* Problem details *
Please reproduce all the data exactly as written and omit the pictures.

Start of Recorded information

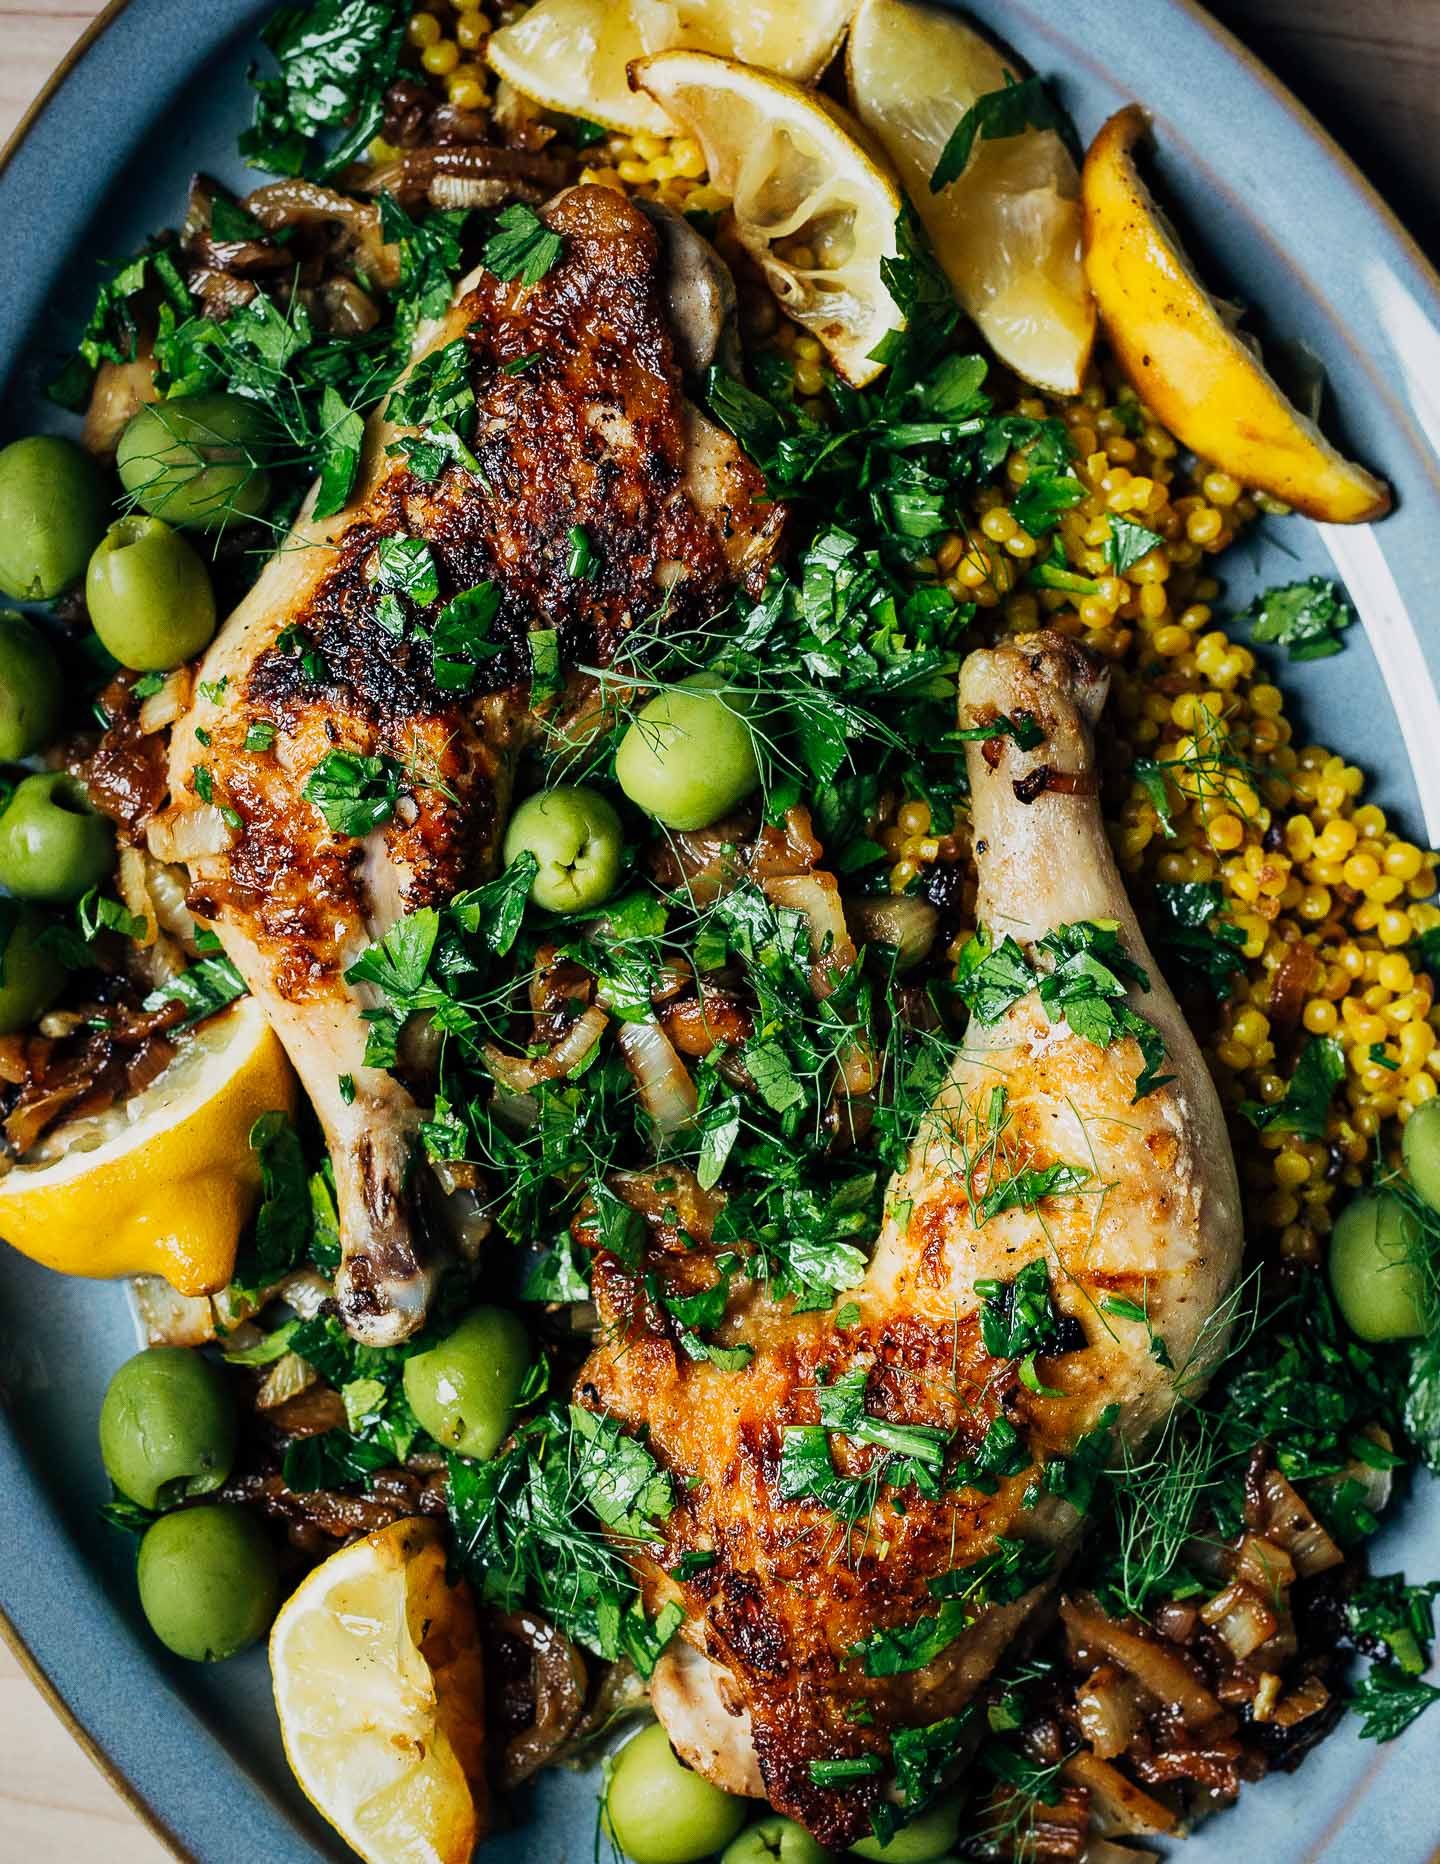 A platter with roasted chicken, couscous, olive, lemons, and herbs.
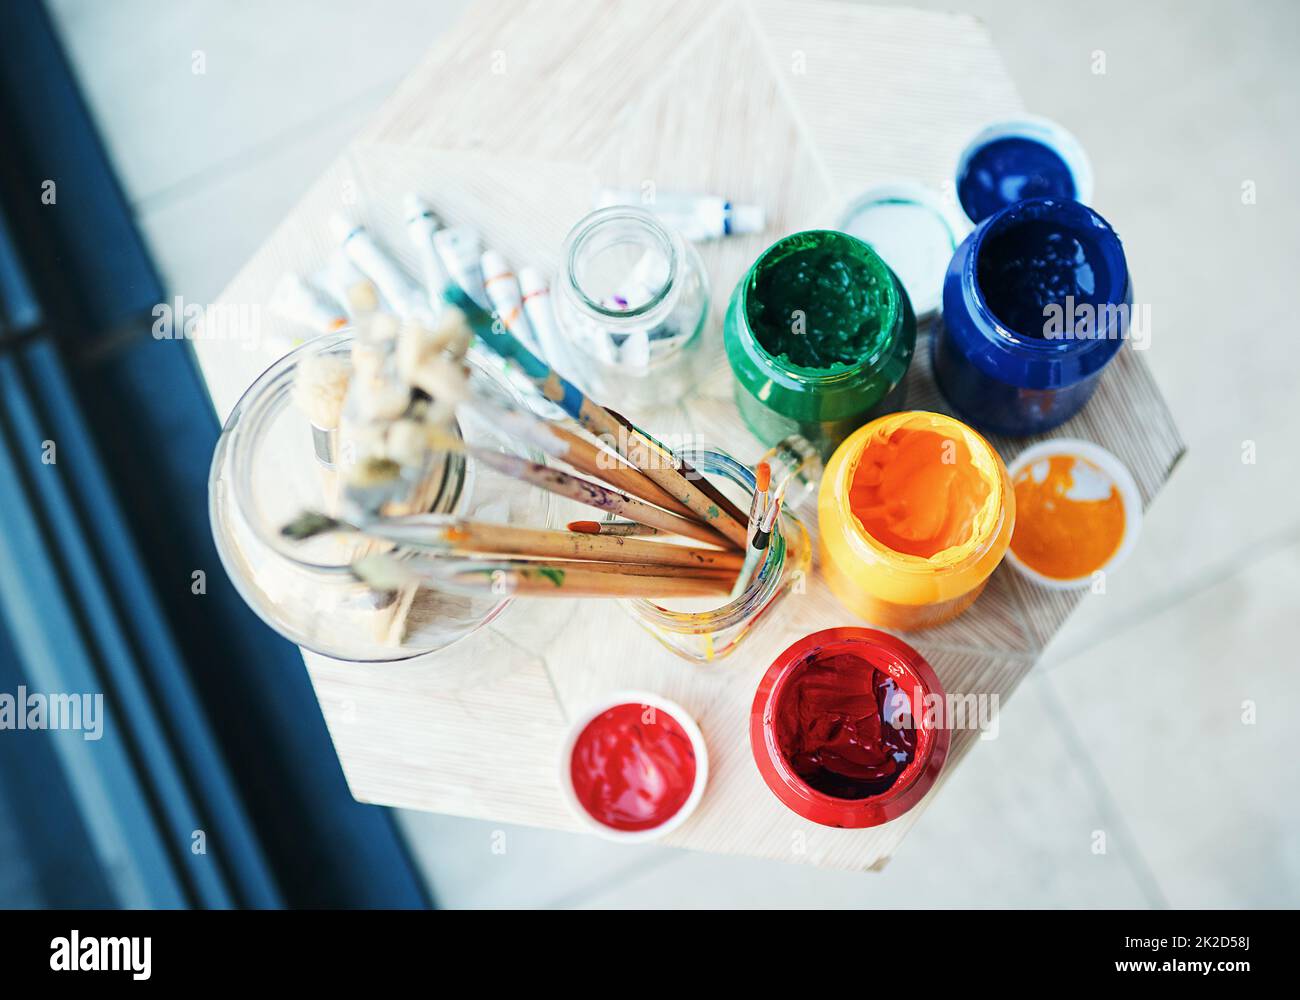 Its time to get creative. Still life shot of art supplies on a table. Stock Photo
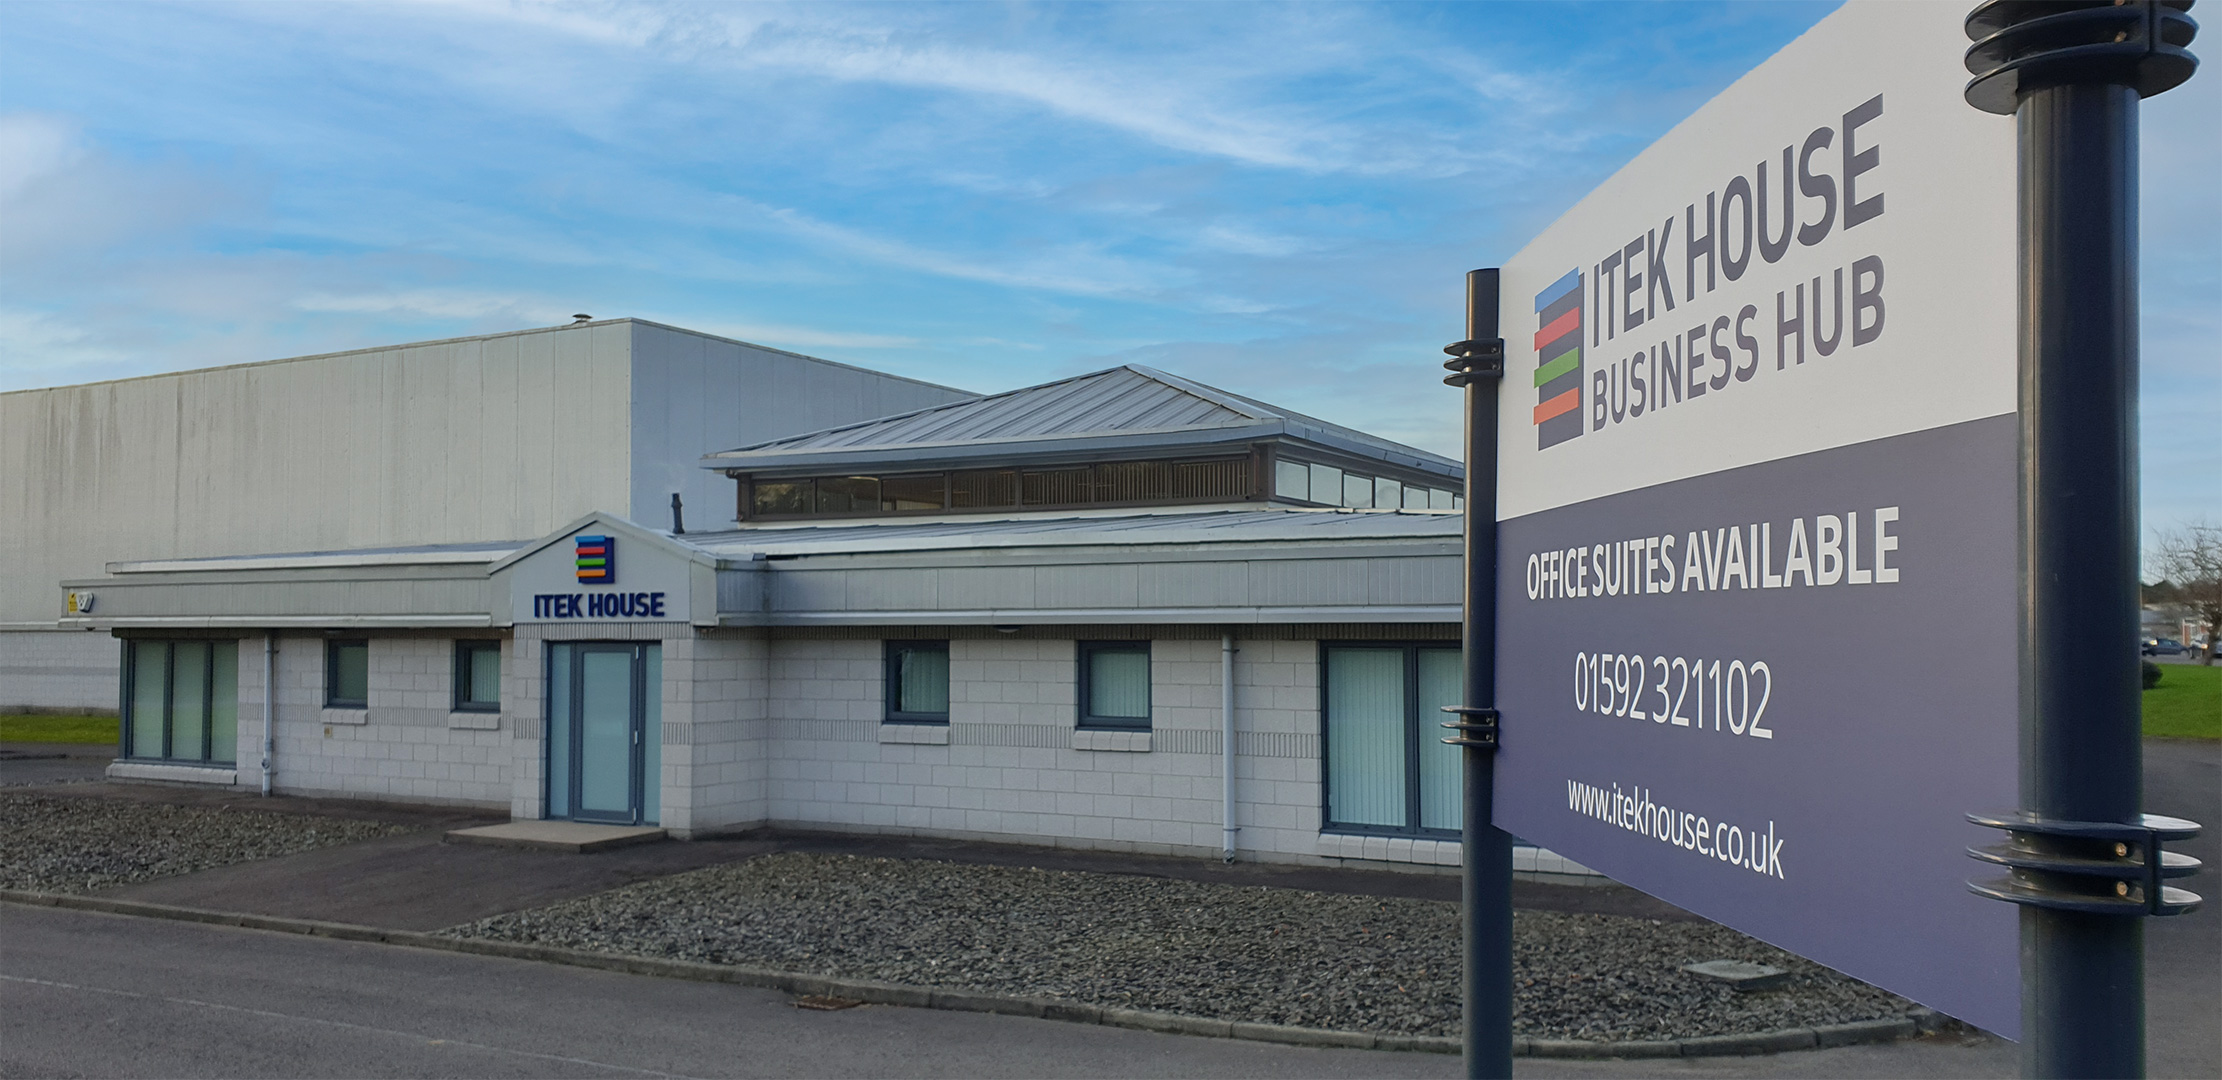 Offices now available to rent at Itek House, Glenrothes
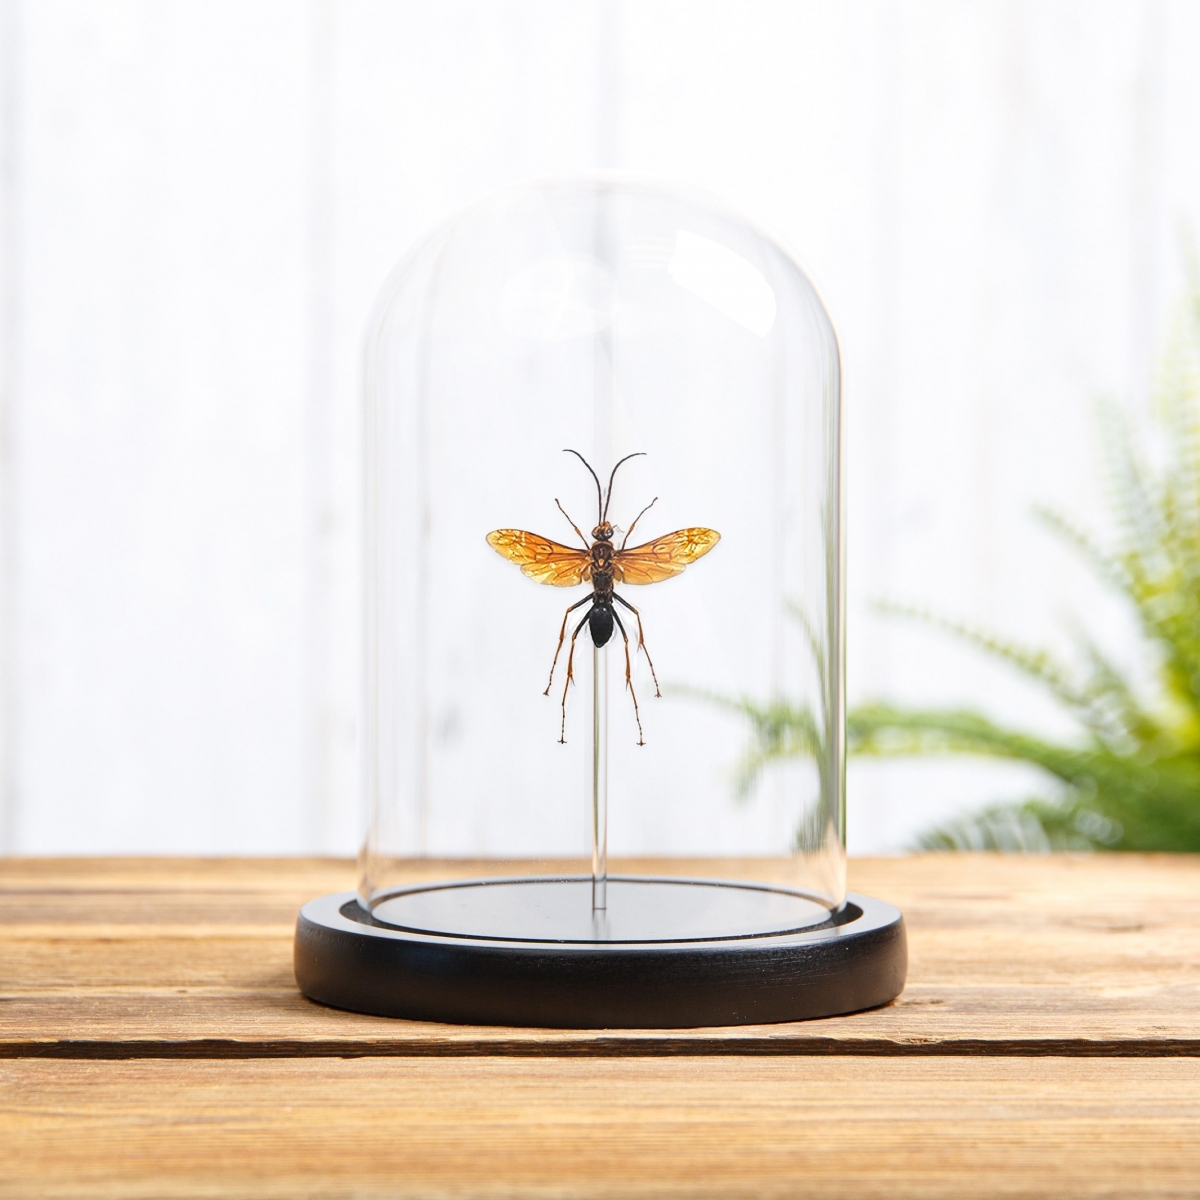 Minibeast Large Pepsine Spider Wasp in Glass Dome with Wooden Base  (Hemipepsis sp)

End of Recorded information

* Output below *
 A platter with roasted chicken, couscous, olive, lemons, and herbs.
 Its time to get creative. Still life shot of art supplies on a table. Stock Photo
 Offices now available to rent at Itek House, Glenrothes
 Minibeast Large Pepsine Spider Wasp in Glass Dome with Wooden Base  (Hemipepsis sp)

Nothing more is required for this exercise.